Güncelleme Tarihi:
Selim KAYA/ DİYARBAKIR, (DHA)- DİYARBAKIR, Şanlıurfa ve Mardin üçgeninde, bin 955 metre yüksekliğinde ve 288 kilometrekarelik alanda bulunan Karacadağ, her mevsim aynı bir güzelliğe sahip.
Güneydoğu Anadolu Bölgesi'nin en yüksek dağlarından biri olma özelliğini taşıyan Karacadağ'da her mevsim ayrı bir güzellik yaşanıyor. Kış mevsiminde bol yağış alan Karacadağ'daki kayak merkezi, sınır olduğu Diyarbakır, Şanlıurfa ve Mardin ile bölgedeki vatandaşlara en güzel kış tatili geçirme imkanı sağlıyor. Kışın yağan kar, ilkbaharla birlikte eriyerek bereketli toprakları sulayarak yaşam kaynağı haline geliyor. Dereler, irili ufaklı göllere akarken, akış güzergahındaki ekili tarla ve canlı habitatına da can verirken, bu güzergahtaki özellikle pirinç tarlalarına da sıcak mevsimde can suyu oluyor. Karların erimeye başlamasıyla birlikte sonbahar mevsiminde, Doğu Anadolu yaylalarındaki göçerler, Karacadağ'ın verimli yaylalarına gelerek hayvanlarını burada otlatıyor. Yaşamları gibi ölümleri de göç yolunda olan göçerler, burada çadır kurarak, Karacadağ'ın verimli doğasından yararlanıyor. İlkbahar, yaz ve sonbahar mevsimlerinde göçerlerin akınına uğrayan Karacadağ'da, yılın 9 ayında 65 binin üzerinde küçükbaş hayvan bulunuyor. Bu sürülerden elde edilen sütler ise bölgedeki mandıralarda işletilip piyasaya süt, yoğurt, penir ve tereyağı gibi süt ürünleri olarak sürülüyor.
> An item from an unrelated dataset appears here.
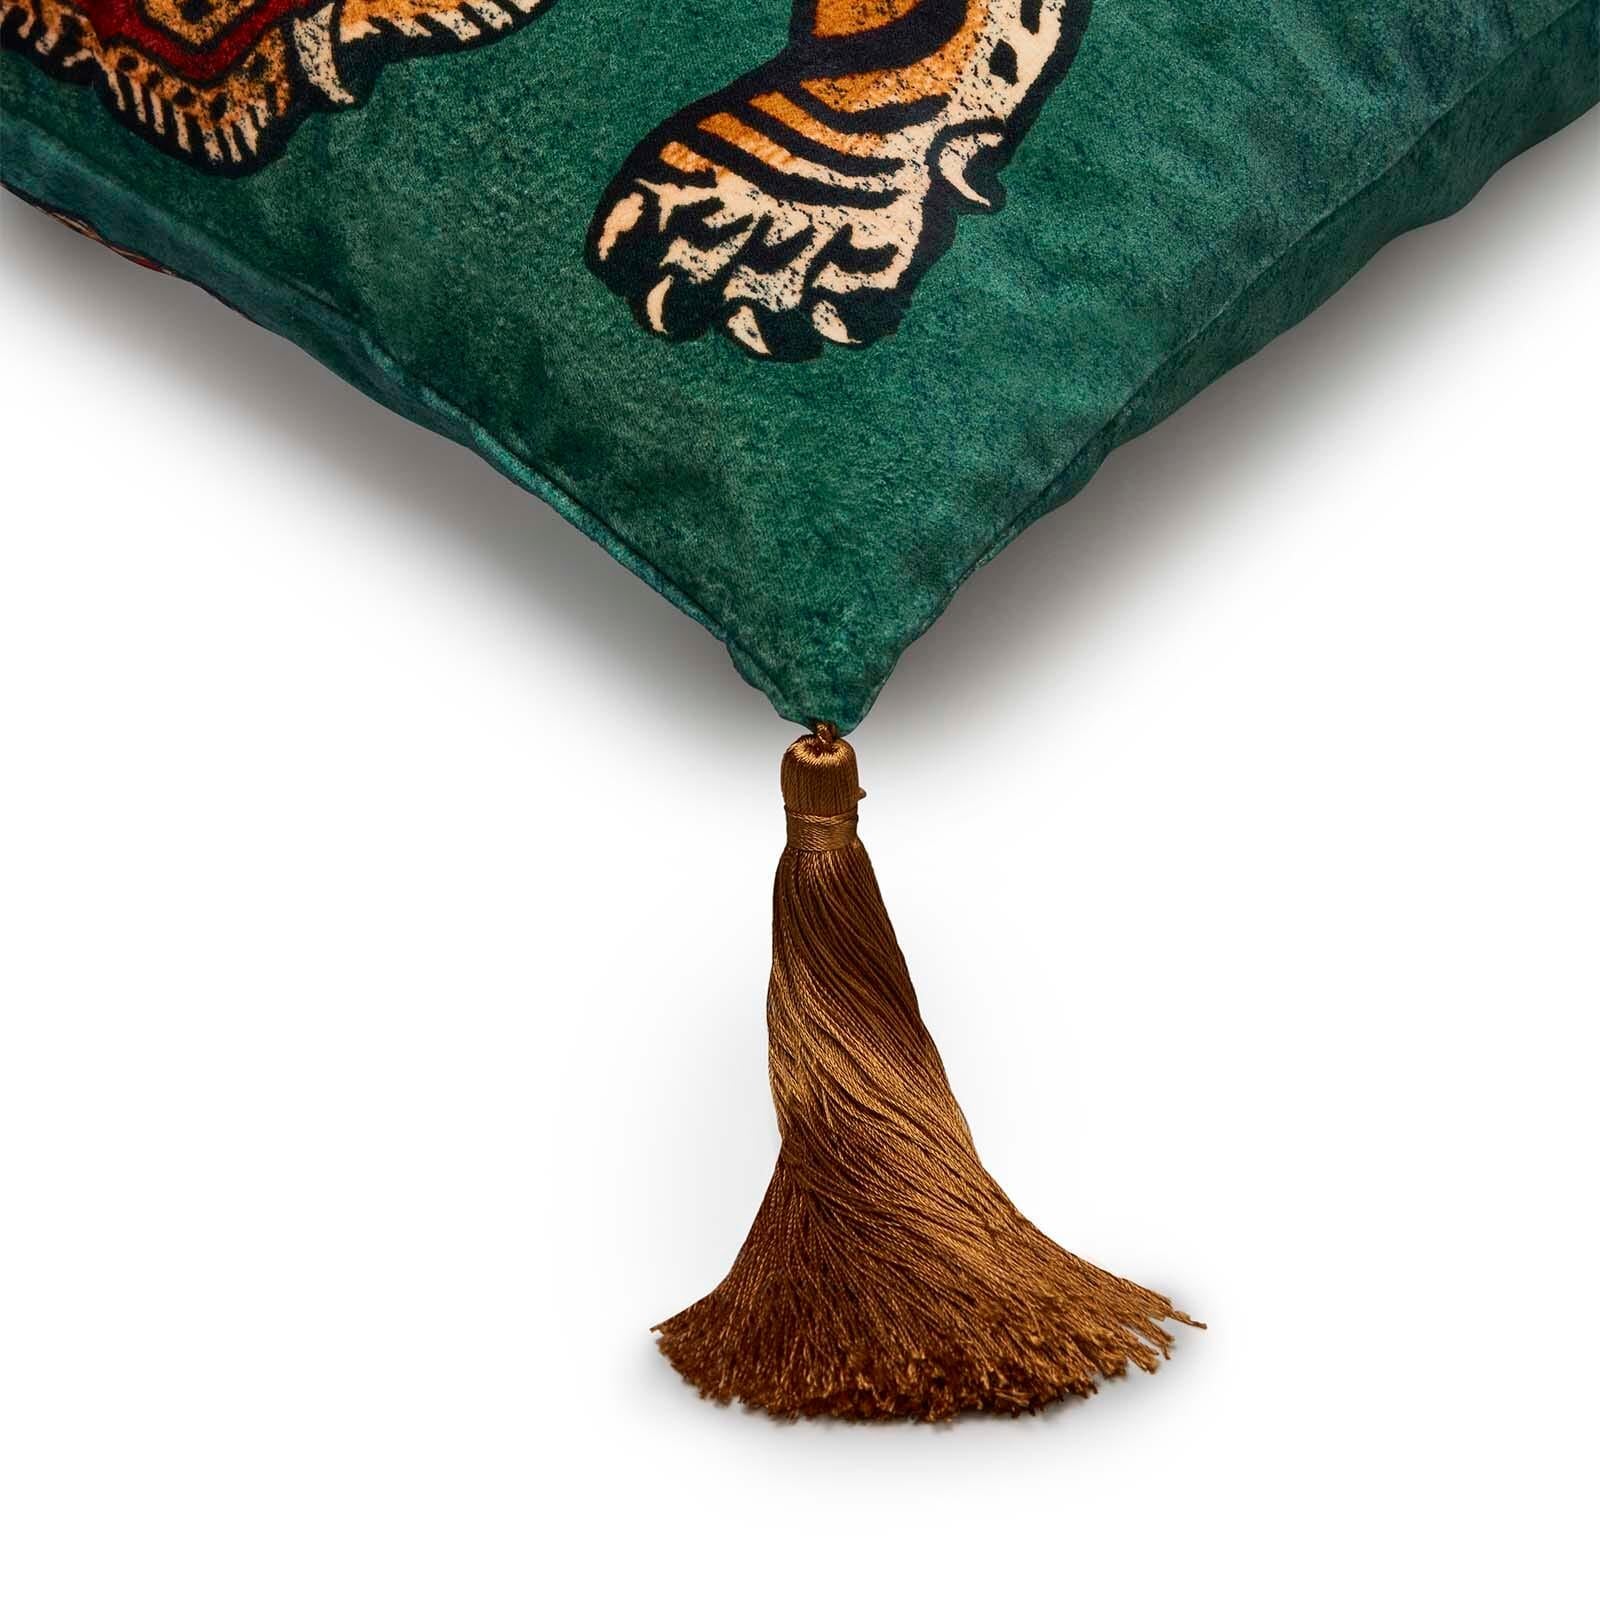 Elevate your sofa from simple to statement with this medium velvet cushion in ‘Emerald’. Featuring SABER the Tibetan tiger, this tasselled design will delight animal lovers and interiors enthusiasts alike. 

House of Hackney donates a portion of the

İlkbahar mevsiminin başlarında Karacadağ'ın zirvesine yerleşmeye başlayan Siverek'in İleri Köyü sakinlerinden Fatma Akalın, çadırda sürdürdükleri 9 aylık süre içerisinde Karacadağ'ın en güzel zamanlarını yaşadıklarını belirterek, "İlkbaharda karların erimesiyle beraber buralara geliyoruz. Sonbahar mevsimine kadar buradayız. Karacadağ'da bulunduğumuz süre içinde koyunlarımızı güdüyor, sütlerinden, yünlerinden faydalanıyor ve bu şekilde geçimimizi sağlıyoruz. Kış geldiği zaman da Şanlıurfa'nın Viranşehir İlçesi'ndeki düzlüklere gidiyoruz" dedi.